| WHAT YOU NEED TO DO |
Write out the data below exactly, beginning with the first line and ending once the line that has "Ohrringe aus 14k" is written.

| Excerpts from a dataset |
-*-

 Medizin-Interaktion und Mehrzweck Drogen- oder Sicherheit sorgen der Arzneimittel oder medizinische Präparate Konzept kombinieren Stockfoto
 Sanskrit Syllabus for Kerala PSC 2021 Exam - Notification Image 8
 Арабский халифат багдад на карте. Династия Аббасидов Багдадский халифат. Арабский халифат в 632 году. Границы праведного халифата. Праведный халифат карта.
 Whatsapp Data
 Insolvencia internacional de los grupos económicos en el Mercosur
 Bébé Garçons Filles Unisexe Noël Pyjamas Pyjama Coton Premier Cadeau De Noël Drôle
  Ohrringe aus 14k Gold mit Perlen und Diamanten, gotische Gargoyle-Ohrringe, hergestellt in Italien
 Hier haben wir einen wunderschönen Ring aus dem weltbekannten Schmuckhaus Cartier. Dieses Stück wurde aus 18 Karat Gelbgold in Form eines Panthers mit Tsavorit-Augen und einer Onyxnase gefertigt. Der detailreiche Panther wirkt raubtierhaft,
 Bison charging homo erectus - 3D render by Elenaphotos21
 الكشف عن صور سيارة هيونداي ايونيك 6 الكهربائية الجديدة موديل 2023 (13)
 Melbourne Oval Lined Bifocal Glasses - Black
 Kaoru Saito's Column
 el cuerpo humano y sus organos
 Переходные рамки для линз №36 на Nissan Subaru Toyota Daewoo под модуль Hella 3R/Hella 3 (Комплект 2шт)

-*-

| EXPECTED OUTPUT |
 Medizin-Interaktion und Mehrzweck Drogen- oder Sicherheit sorgen der Arzneimittel oder medizinische Präparate Konzept kombinieren Stockfoto
 Sanskrit Syllabus for Kerala PSC 2021 Exam - Notification Image 8
 Арабский халифат багдад на карте. Династия Аббасидов Багдадский халифат. Арабский халифат в 632 году. Границы праведного халифата. Праведный халифат карта.
 Whatsapp Data
 Insolvencia internacional de los grupos económicos en el Mercosur
 Bébé Garçons Filles Unisexe Noël Pyjamas Pyjama Coton Premier Cadeau De Noël Drôle
  Ohrringe aus 14k Gold mit Perlen und Diamanten, gotische Gargoyle-Ohrringe, hergestellt in Italien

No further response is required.